Avec "Kitsune", l'écrivain suisse Amélie Ardiot offre un premier roman qui la positionne d'emblée comme une artiste du genre fantastique. Paru en septembre 2007, ce roman a été
sélectionné pour le Prix des Lecteurs de la RSR l'année suivante. Pas mal! Il faut dire que ce roman, s'il est bref, est dense et se balance, de bout en bout, sur la corde raide de l'incertitude
qui caractérise le fantastique.
Amitiés et complémentarités
De quoi s'agit-il ici? L'auteur met en scène Christophe, Vaudois bien suisse,
biologiste de son état, qui vit à Lausanne et est ami, à la vie à la mort, avec Hugo, un Ecossais, également biologiste. L'amitié est certes fondée sur une cuite prise ensemble (et décrite dès le
début du roman - un début nourri de mots anglais pour évoquer l'Ecosse, anglicité qui s'estompe par la suite - ouf!); mais surtout, elle repose sur des complémentarités. Le Lausannois est ainsi
présenté comme quelqu'un de réaliste, de pragmatique, de terre-à-terre même, peu attiré par les manifestations culturelles auxquelles Madeleine cherche un peu trop souvent à l'emmener. Le côté
terre-à-terre du personnage est encore souligné par le fait qu'il est un spécialiste renommé des musaraignes. Cela s'oppose à la spécialité de l'Ecossais: les chauves-souris.

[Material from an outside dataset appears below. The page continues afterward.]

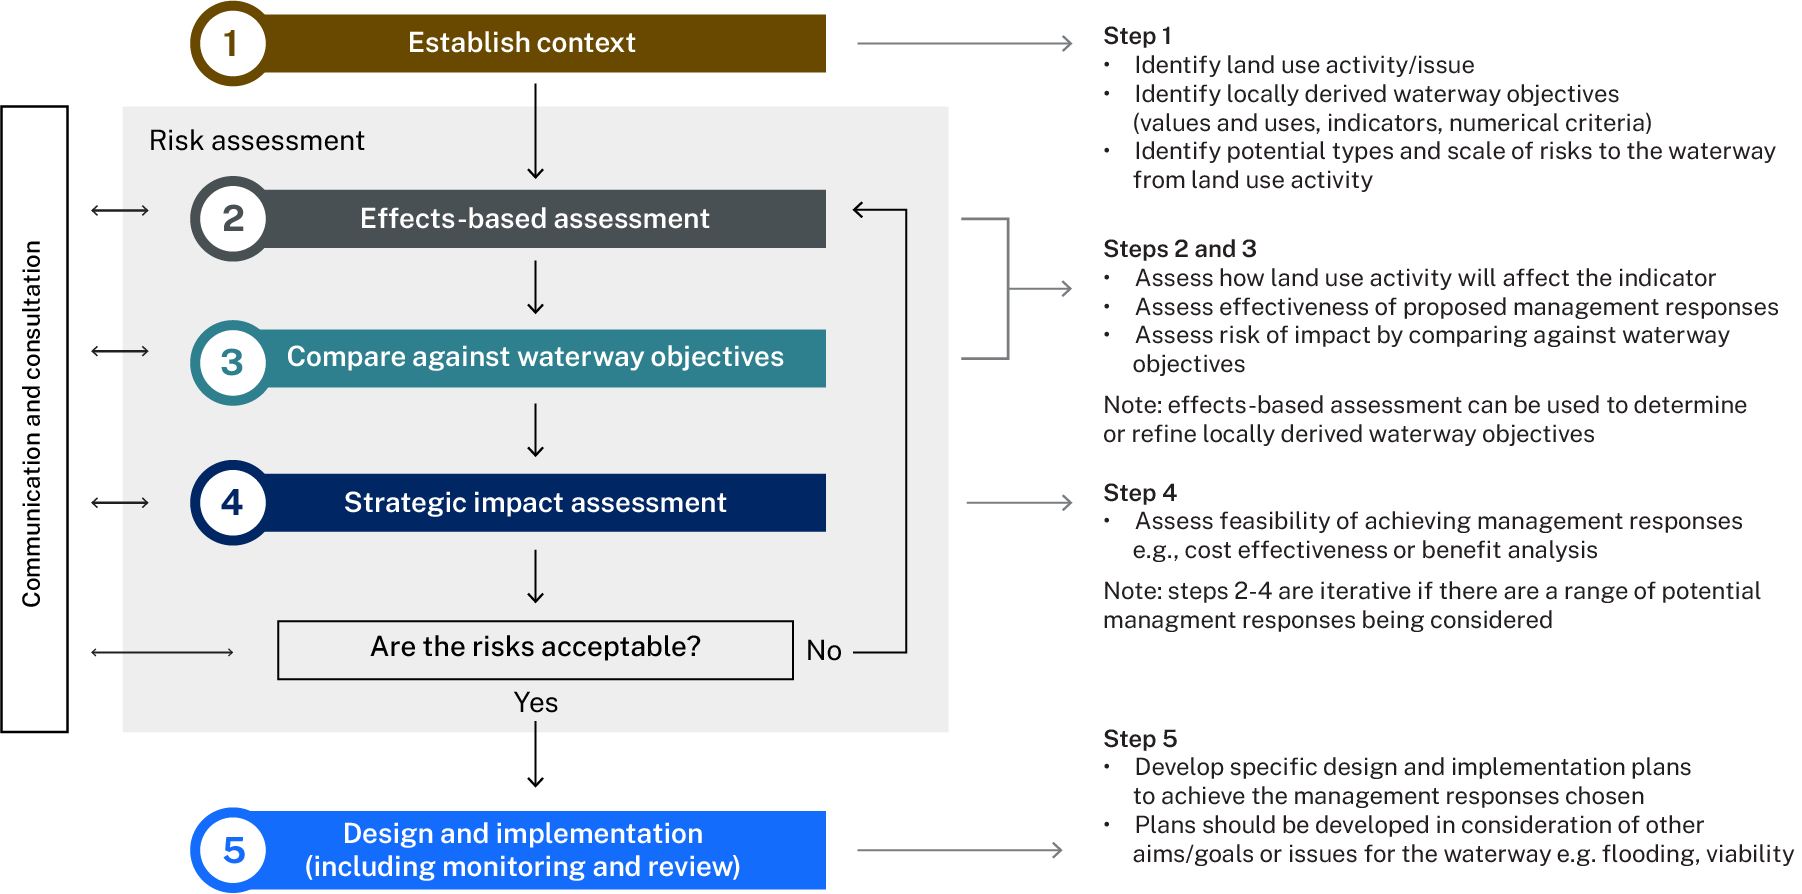 A diagram showing the 5 steps of the risk-based framework. Step 1 is to establish context, steps 2-4 sit within the context of risk assessment and all require communication and consultation. These steps are Step 2 Effects based assessment, Step 3 Compare against waterway objectives, and Step 4 strategic impact assessment. If the risks are acceptable proceed to Step 5 design and implementation, including monitoring and review. If the risks are not acceptable users are directed back to Step 2.

Et c'est là qu'on bascule dans l'imaginaire. La musaraigne ne fait rêver personne (la Suisse non plus, d'ailleurs), au contraire de la chauve-souris, animal nocturne méconnu qui éveille tout de
suite des images inquiétantes, de vampires par exemple - ce que l'auteur ne manque pas de relever. Etudiées par un Ecossais... donc un familier des manoirs hantés! De cela, Hugo parvient
encore à rire.
Le Japon s'invite
Bon, jusqu'ici, ça va: les bases sont en place. L'auteur balance à présent une femme
dans l'histoire. Elle s'appelle Ai, elle est Japonaise, elle a les yeux verts et est d'une beauté envoûtante. Hugo l'épouse... et du coup, il n'est plus le même - pour être précis, ce bon
vivant plein de projets semble mentalement exsangue quand Christophe vient le trouver en Ecosse, quelque temps après la fin de leurs études respectives. Signe particulier d'Ai? Entre elle et son
beau-père, le courant ne passe pas. Et pour cause: il chasse le renard...
... "renard", ou "kitsune" en japonais. L'animal semble avoir, au Pays du Soleil Levant, un côté fantastique. C'est ce que découvre Christophe, après sa balade en écosse, à l'occasion d'une
représentation théâtrale au Théâtre de Vidy. Un personnage lui raconte en effet l'affaire de ces sortes de "renards-garous" féminins envoûtants qui parasitent l'homme. Christophe en a-t-il aussi
été victime?
Naturellement, l'auteur ne balance pas cette affirmation comme si c'était une parole d'Evangile. Bien plutôt, c'est le metteur en scène de la pièce vue qui le lui explique. Lui faire confiance?
Cette histoire de renards envoûteurs est-elle réelle? Christophe peut aussi se demander si les regards changeants du renard empaillé qui se trouve chez Hugo sont davantage qu'un simple effet de
son imagination. Et jusqu'à la fin, ouverte, le doute persistera: le lecteur peut soit croire le conteur et considérer que les renards montrés en fin de récit sont des mutants... soit considérer
que les émotions suscitées par Ai sont, ni plus ni moins, l'effet de l'éternel féminin sur l'homme.
Amélie Ardiot, Kitsune, Genève, Encre Fraîche, 2007.